Admittedly, Philly’s appearance and forthright manner were what had initially caught Bond’s attention, just as her tireless efforts and resourcefulness had held it. Equally alluring, though, was her love of driving. Her favourite vehicle was a BSA 1966 Spitfire, the A65, one of the most beautiful motorcycles ever made. It wasn’t the most powerful bike in the Birmingham Small Arms’ line but it was a true classic and, when properly tuned (which, God bless her, she did herself), it left a broad streak of rubber at the take-off line. She’d told Bond she liked to drive in all weather and had bought an insulated leather jumpsuit that let her take to the roads whenever she fancied. He’d imagined it as an extremely tight-fitting garment and arched an eyebrow. He’d received in return a sardonic smile, which told him that his gesture had ricocheted like a badly placed bullet.

She was, it emerged, engaged to be married. The ring, which he’d noted immediately, was a deceptive ruby.

So, that settled that.

Philly now looked up with an infectious smile. ‘James, hello!… Why are you looking at me like that?’

‘I need you.’

She tucked back a loose strand of hair. ‘Delighted to help if I could but I’ve got something on for John. He’s in Sudan. They’re about to start shooting.’
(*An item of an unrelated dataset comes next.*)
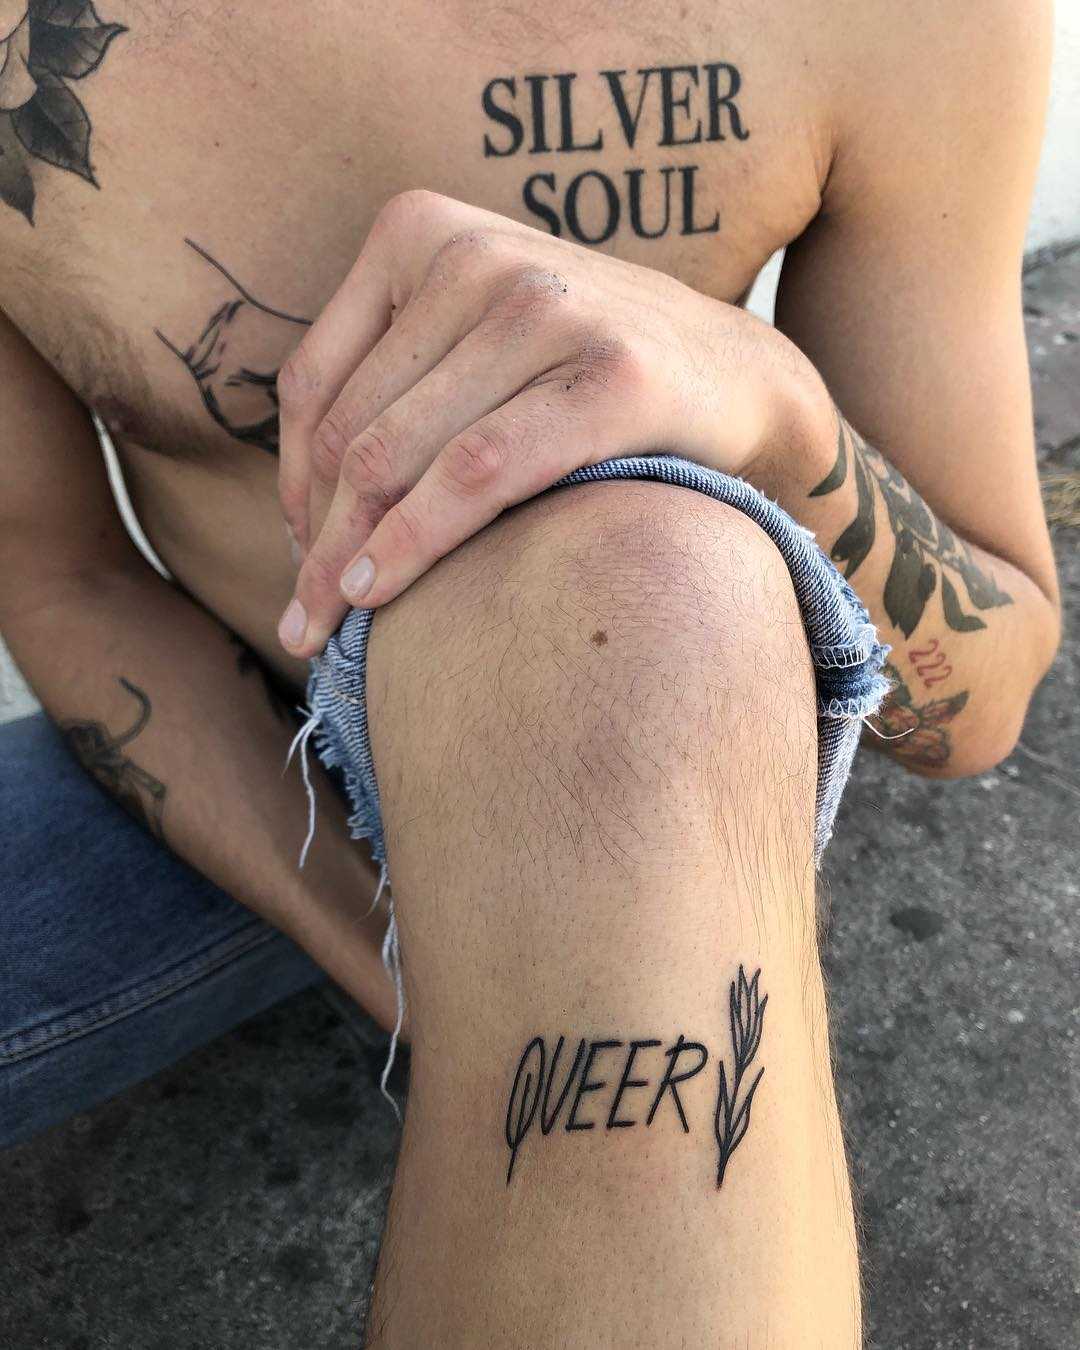 Queer tattoo by Tine DeFiore

The Sudanese had been fighting the British, the Egyptians, other nearby African nations – and themselves – for more than a hundred years. The Eastern Alliance, several Sudanese states near the Red Sea, wanted to secede and form a moderate secular country. The regime in Khartoum, still buffeted by the recent independence movement in the south, was not pleased by this initiative.
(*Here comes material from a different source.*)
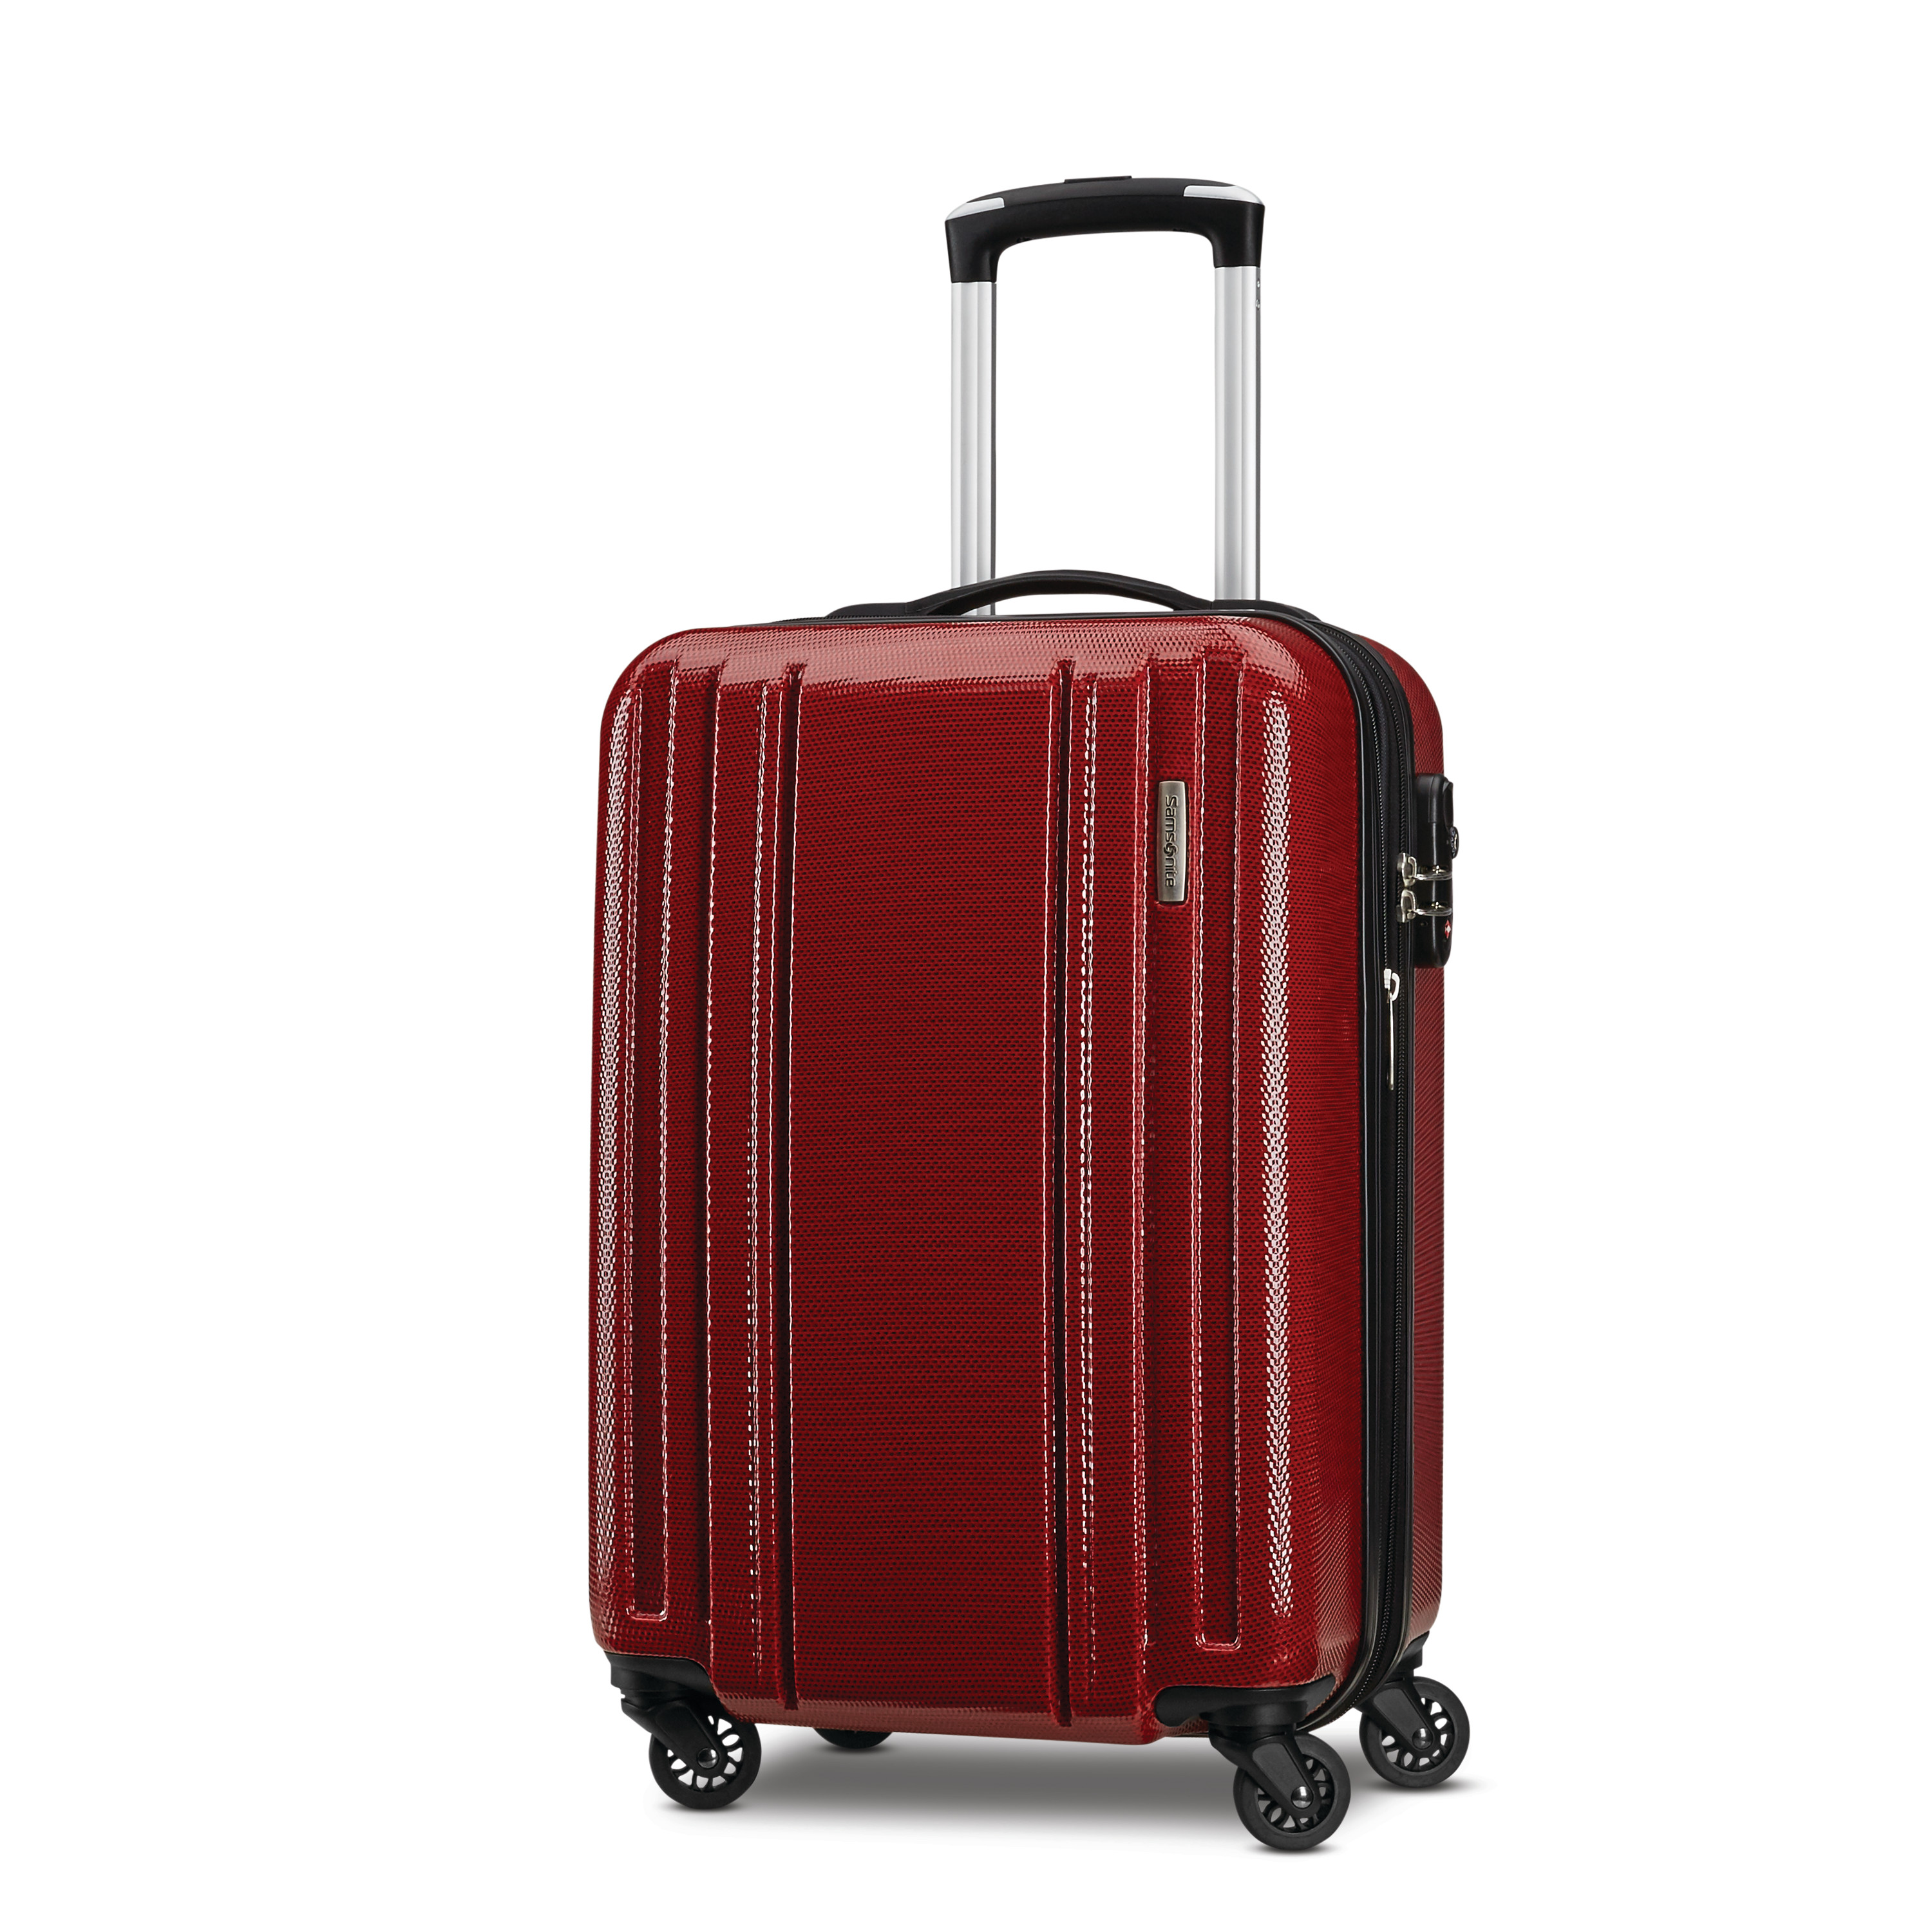 Samsonite Carbon 2 Carry-On Spinner - Luggage

Bond said, ‘I know. I was the one going originally. I drew Belgrade instead.’

‘The food’s better,’ she said, with studied gravity. ‘If you like plums.’

‘It’s just that I collected some things in Serbia that should be looked into.’

‘It’s never “just” with you, James.’

Her mobile buzzed. She frowned, peering at the screen. As she took the call, her piercing hazel eyes swung his way and regarded him with some humour. She said, into the phone, ‘I see.’ When she had disconnected, she said, ‘You pulled in some favours. Or bullied someone.’

‘Me? Never.’

‘It seems that war in Africa will have to soldier on without me. So to speak.’ She went to another work station and handed the Khartoum baton to a fellow spook.

Bond sat down. There seemed to be something different about her space but he couldn’t work out what it was. Perhaps she’d tidied it, or rearranged the furniture – as far as anyone could in the tiny area.

When she came back she focused her eyes on him. ‘Right, then. I’m all yours. What do we have?’

‘Incident Twenty.’

‘Ah, that. I wasn’t on the hot list so you’d better brief me.’

Like Bond, Ophelia Maidenstone was Developed Vetting Cleared by the Defence Vetting Agency, the FCO and Scotland Yard, which permitted virtually unlimited access to top-secret material, short of the most classified nuclear-arms data. He briefed her on Noah, the Irishman, the threat on Friday and the incident in Serbia. She took careful notes.